Davodeau focalise exclusivement sur Françoise, au détriment de ses patients. Il décrit l’action de son épouse comme exemplaire, fruit d’une sagesse hors-norme et d’une bienveillance infinie. Attention, je ne dis pas que c’est faux. Je suis convaincu que cette dame est une excellente professionnelle ; sa déontologie et son expérience humaine ne faisant aucun doute.

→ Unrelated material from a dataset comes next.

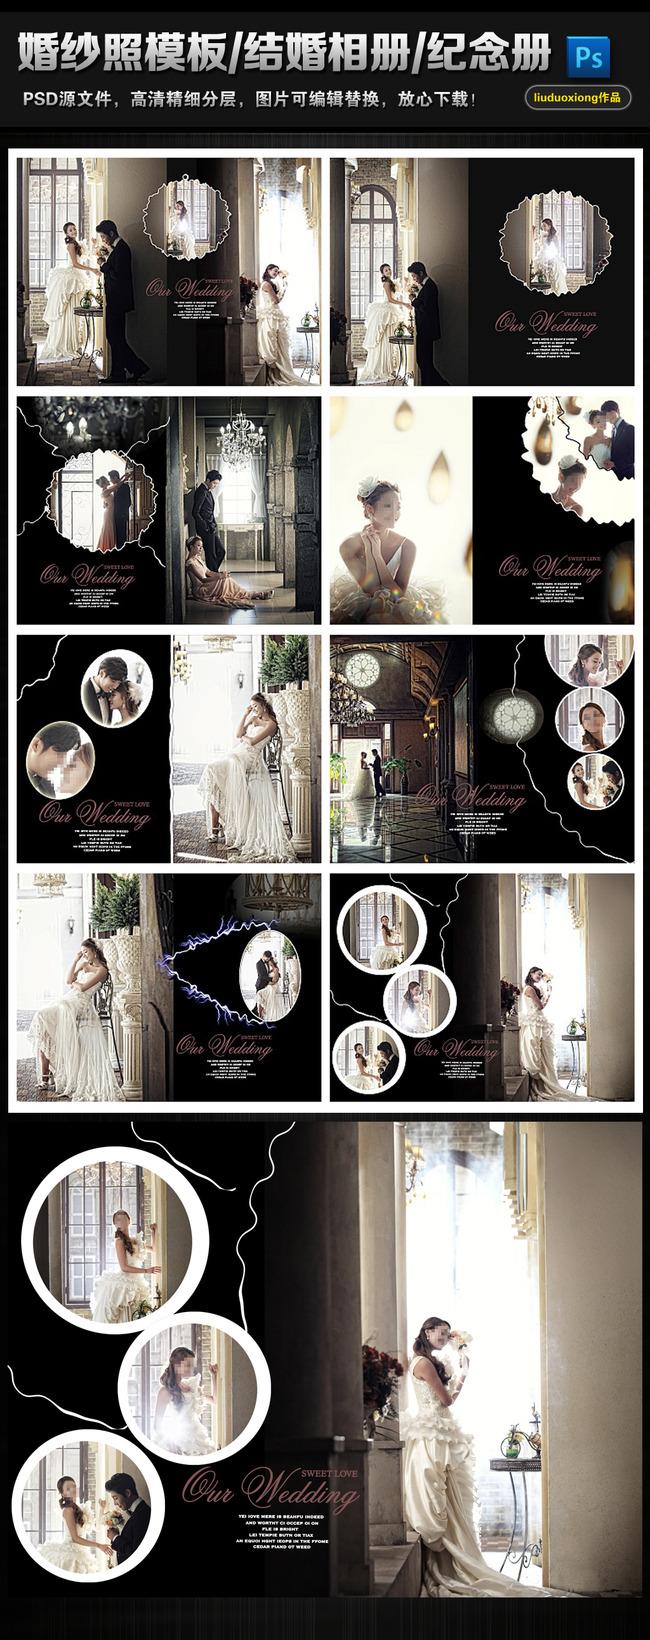 高档欧式婚纱照相册影楼画册结婚纪念册模板

Cependant, il est tout aussi évident que son auteur de mari a soigneusement trié ce qu’elle a pu lui dire pour ne servir que son propos à lui. Cette forme de partialité, typique de son style, se ressent constamment. Jamais on ne la voit douter. Chaque mot qu’elle emploie est à la bonne place. Elle ne se trompe jamais…
Et quand « Ça ne marche pas toujours », comme s’intitule le seul chapitre où elle « échoue », elle n’y est évidemment pour rien. Les trois seuls exemples cités montrent bien que c’est la faute de la famille, de l’aidant, ou pire, de l’emprise qu’avait le méchant mari sur la femme. Bref, vous voyez l’idée.
Quand on travaille avec de l’humain – j’en sais quelque chose, croyez-moi – l’équilibre est toujours fragile. On ne contrôle pas tout, loin de là, et la charge émotionnelle est intense. De nombreux soignants, qui rament au quotidien, pourraient presque se sentir dévalorisés à la lecture d’un tel album.
Par ailleurs, Étienne et Françoise ont l’air de vivre dans d’excellentes conditions matérielles et socioculturelles, à la campagne, dans un environnement préservé et apaisé. Grand bien leur fasse. Mais c’est rarement le cas chez les personnels soignants ordinaires, particulièrement sous-payés, qui n’ont pas la chance de bénéficier de telles conditions d’exercice. Cet aspect n’est jamais évoqué dans l’album. Apparemment, ce n’était pas l’intention d’Étienne Davodeau qui n’a souhaité parler que de sa femme et pas du tout de la profession. Un peu dommage car même si Françoise est admirable, cela restreint clairement l’intérêt de l’ouvrage.
« Là où tu vas » reste un album solide et instructif mais il aurait été sans doute bien plus pertinent s’il avait laissé la place à la nuance, aux gens, à l'émotion, aux failles inhérentes au métier. Et surtout, s’il s’était un peu décentré de ce nombrilisme, hélas récurrent chez son auteur.
Je ne regrette pas mon achat mais je ne me sens plus en phase avec lui.